## WHAT YOU SHOULD DO
Could you output the whole listing exactly as it stands, minus any images?

## STORED DATA
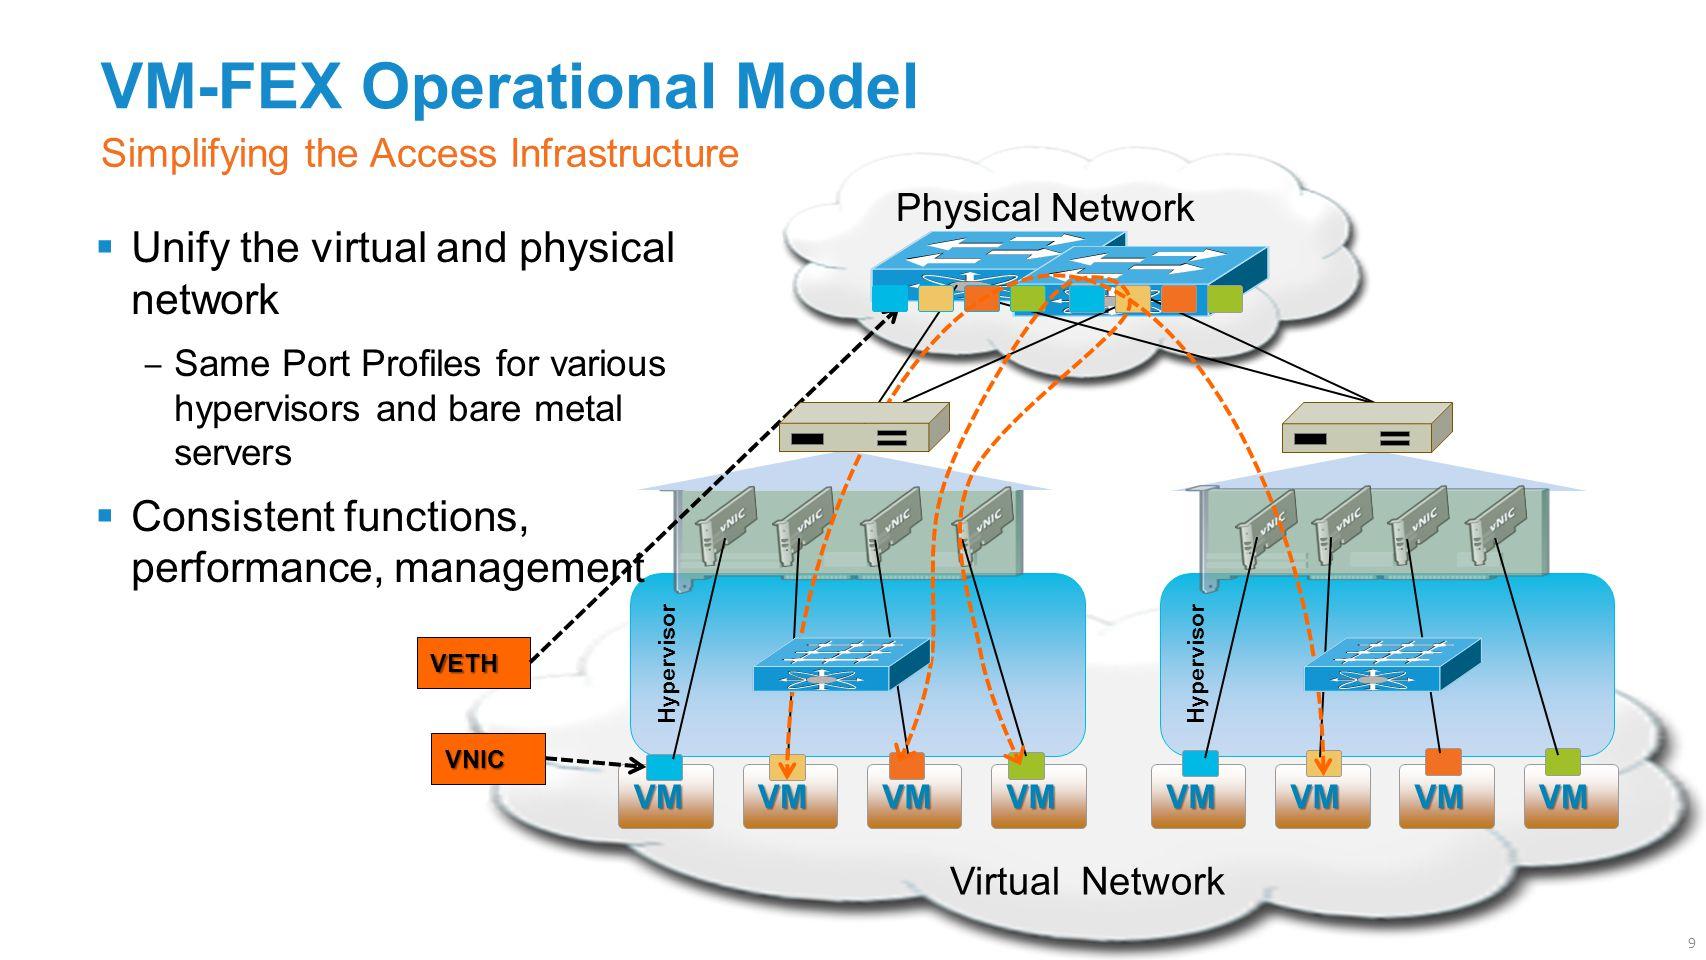 VM-FEX Operational Model Simplifying the Access Infrastructure Physical Network Virtual Network Hypervisor VMVMVMVMVMVMVMVM VETH VNIC  Unify the virtual and physical network ‒ Same Port Profiles for various hypervisors and bare metal servers  Consistent functions, performance, management 9
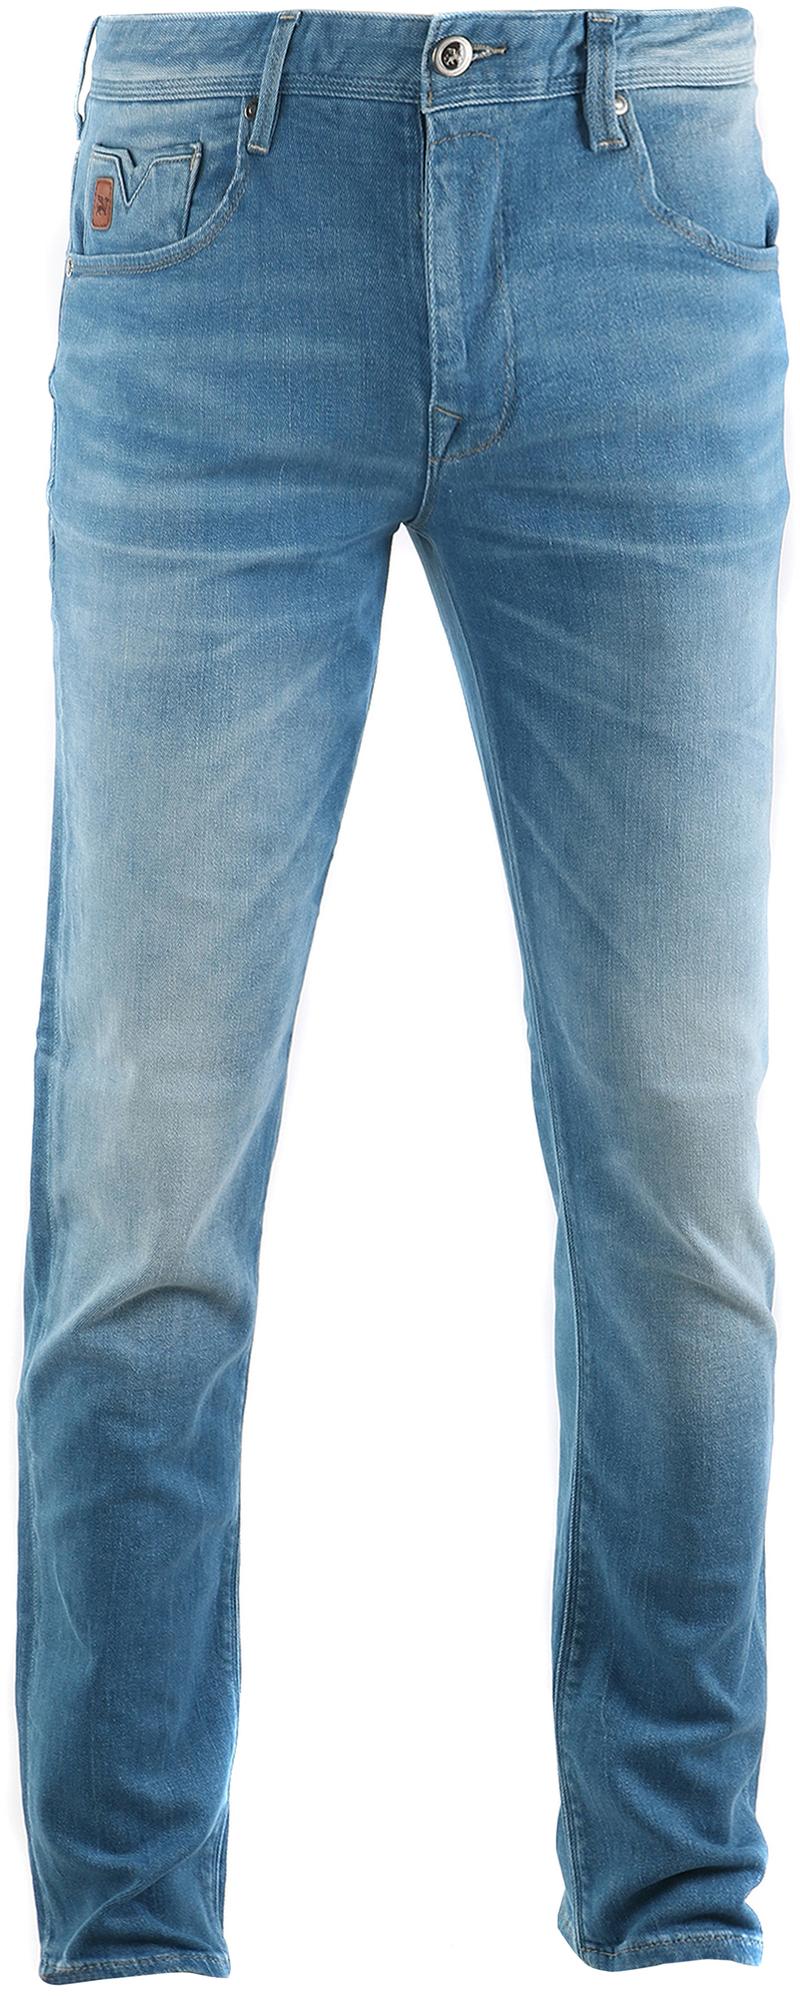 Vanguard V7 Rider Jeans Clear Blue foto 0
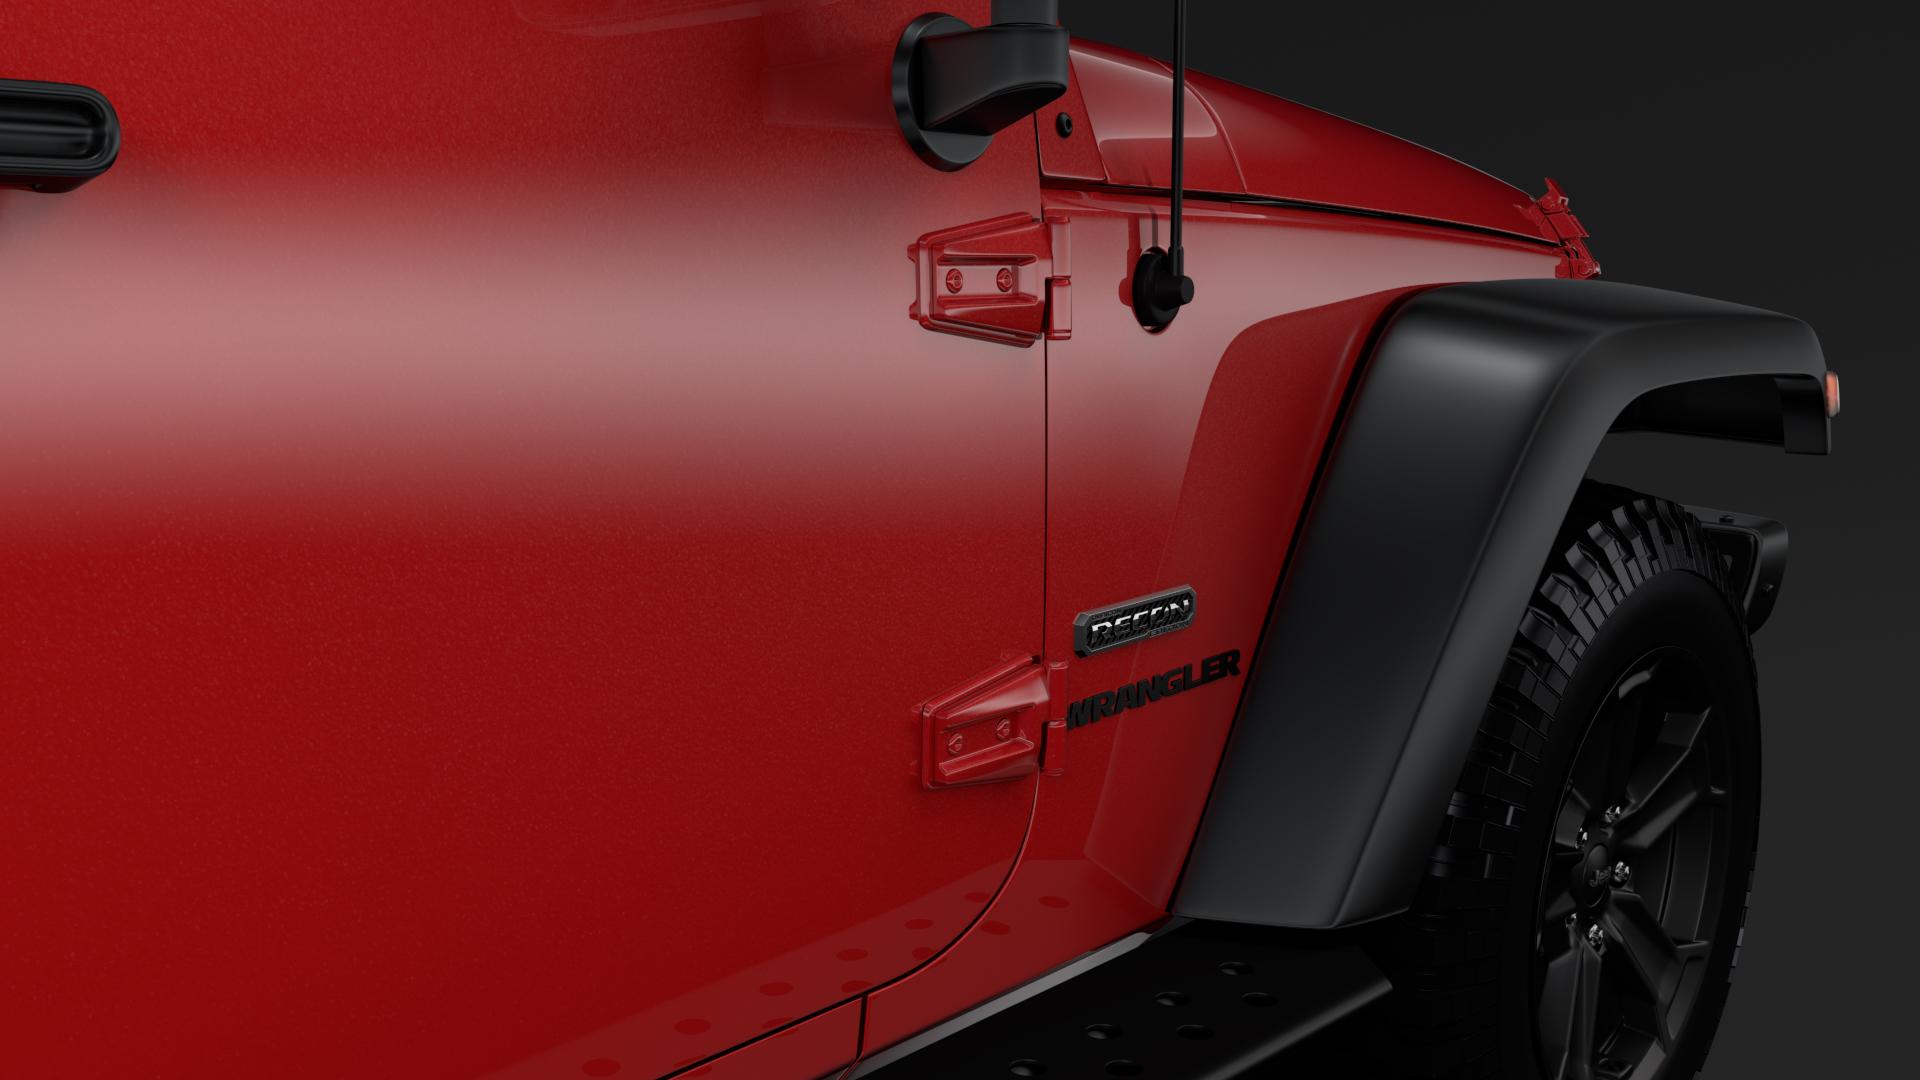 jeep wrangler 6×6 rubicon recon jk 2017 3d model max fbx c4d lwo ma mb hrc xsi obj 276840

## REPLY TO THE TASK
 VM-FEX Operational Model Simplifying the Access Infrastructure Physical Network Virtual Network Hypervisor VMVMVMVMVMVMVMVM VETH VNIC  Unify the virtual and physical network ‒ Same Port Profiles for various hypervisors and bare metal servers  Consistent functions, performance, management 9
 Vanguard V7 Rider Jeans Clear Blue foto 0
 jeep wrangler 6×6 rubicon recon jk 2017 3d model max fbx c4d lwo ma mb hrc xsi obj 276840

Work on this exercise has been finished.